Although the specifics of the program have yet to be determined, the few details that Monaco and Argentieri shared point to two practical implications we can expect from the pilot program: (1) whistleblowers who seek to benefit from the program will have to be the “first in the door” and cannot have participated in the misconduct (in contrast to some programs, like the SEC whistleblower program, which allows awards to those who participated in the misconduct); and (2) we can expect increasing activity in the context of alleged Foreign Corrupt Practices Act (FCPA) violations.

“First in the door”

Much like with DOJ’s Voluntary Self-Disclosure (VSD) programs, a whistleblower must be the “first in the door” to benefit from the whistleblower rewards program. Monaco explained that the incentive to be the first to report to DOJ—both in this pilot program and DOJ’s VSD programs—creates a “multiplier effect, encouraging both companies and individuals to tell us what they know as soon as they know it.” Monaco continued, “This helps us build the strongest criminal cases against the most culpable wrongdoers. It helps us impose the most significant penalties on those who most deserve it. And it helps us use our carrots to wield larger sticks.” Accordingly, individuals and entities who were involved in criminal misconduct—and are thus ineligible to participate in the whistleblower rewards program—will have to race others attempting to benefit from the whistleblower rewards program to qualify for the benefit of DOJ’s VSD programs.

FCPA Enforcement, Domestic Corruption, and Other Gaps

Although individuals and entities under the regulatory jurisdiction of agencies such as the SEC, CFTC, IRS, and FinCEN already have to contend with the potential for whistleblowers, the new DOJ whistleblower rewards program creates new potential fronts for whistleblower activity.
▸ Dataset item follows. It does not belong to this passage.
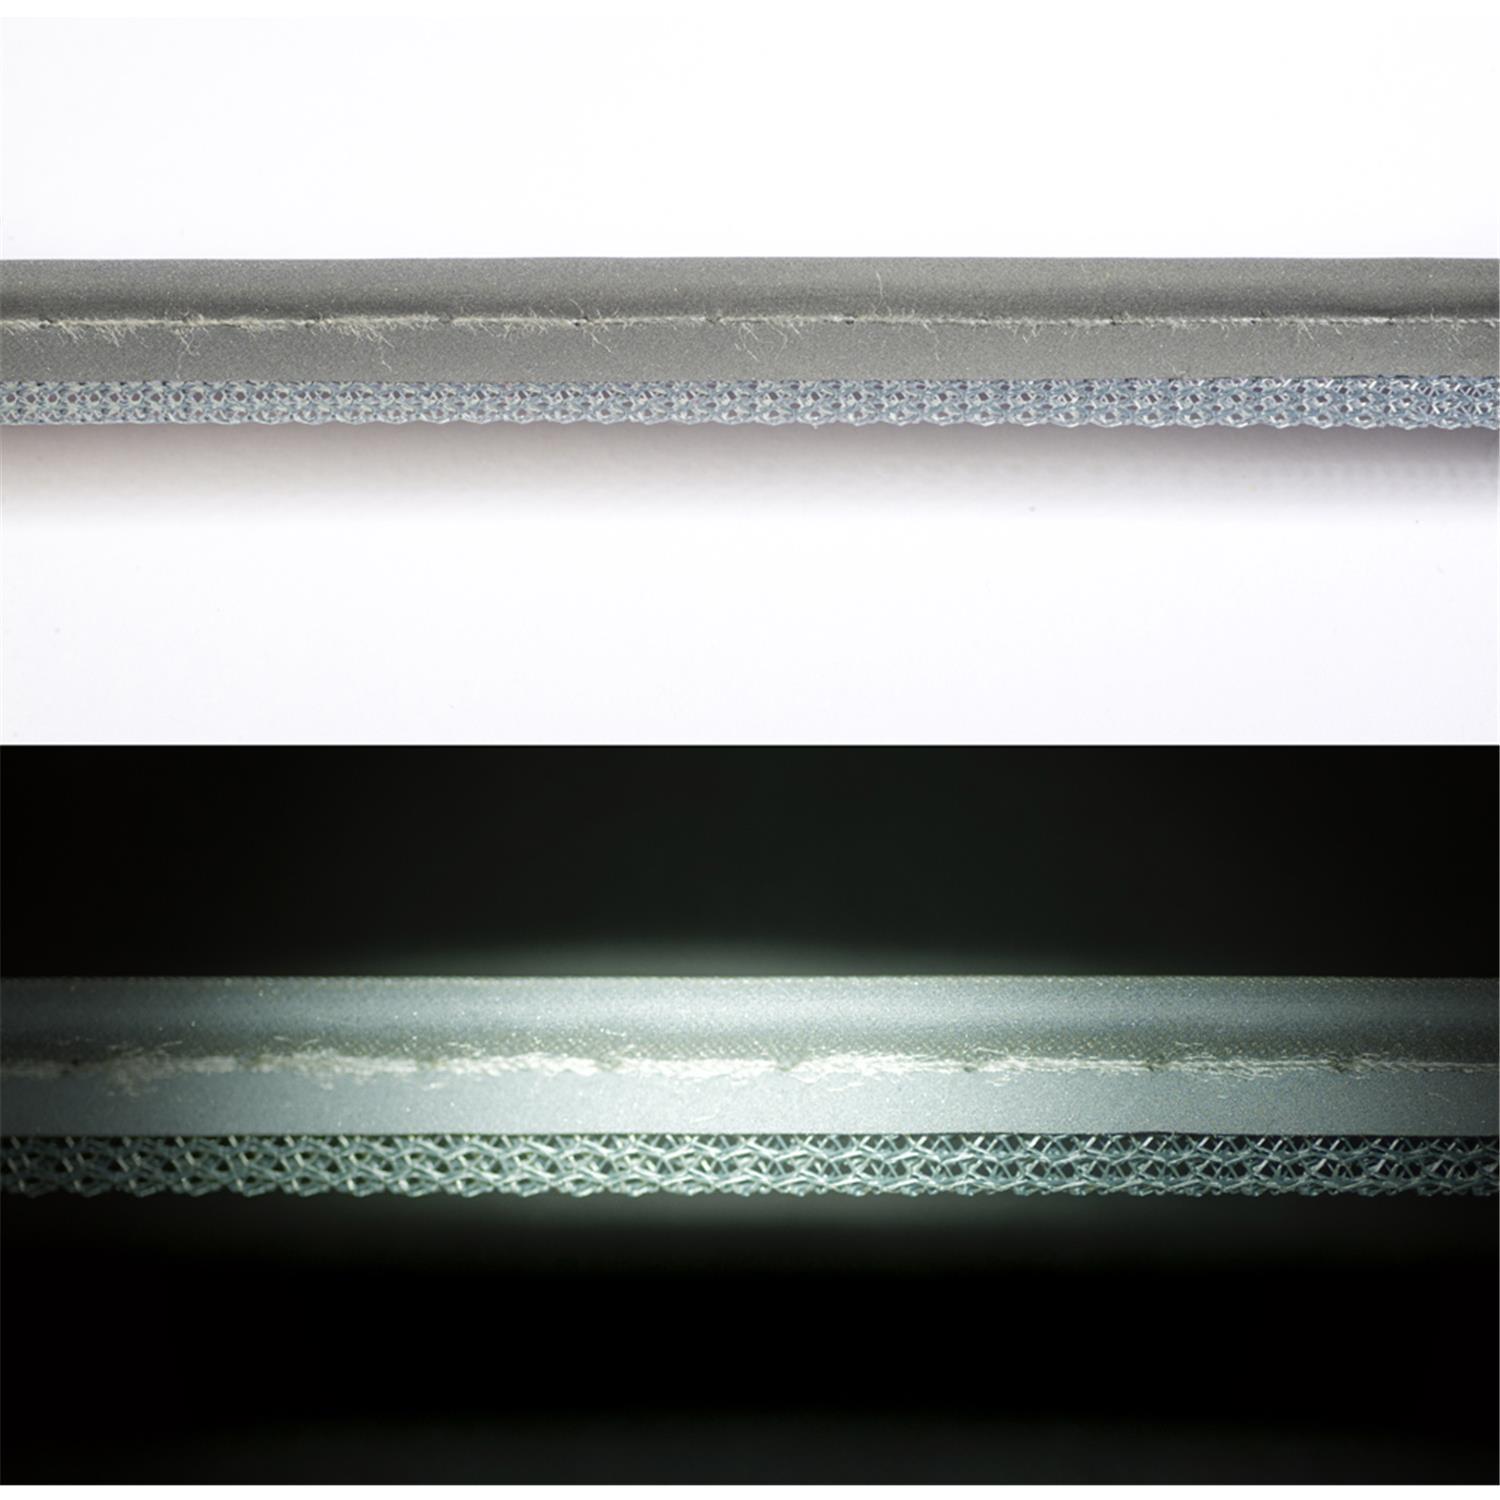 Paspelband mit Reflektions-Leuchtband und Annähband, 5m / Annähband grau

In her remarks, Argentieri stated that DOJ anticipates that the whistleblower rewards program “could prove especially useful in developing foreign corruption cases that are outside the jurisdiction of the SEC, including FCPA violations by non-issuers.” DOJ also highlighted their hopes that this new program would lead to new tips related to criminal abuses of the U.S. financial system and domestic corruption cases involving illicit payments to government officials. Therefore, individuals and privately held companies will likely need to consider recalibrating their risk assessments to account for the expanded risk for whistleblower activity under the FCPA and other criminal statutes.

Concluding Thoughts

This development out of Main Justice is in line with the broader sweep of the Biden administration’s focus on encouraging self-reporting of white-collar crimes. Given the success of whistleblower programs at other federal agencies such as the SEC and CFTC, the DOJ policy is a continuation of that trend. But it also follows on the heels of two US Attorneys’ Offices that have or will soon have VSD programs: the Southern District of New York (which launched a Whistleblower Pilot Program in February 2024) and the Northern District of California (not yet launched).

We will continue to monitor this development.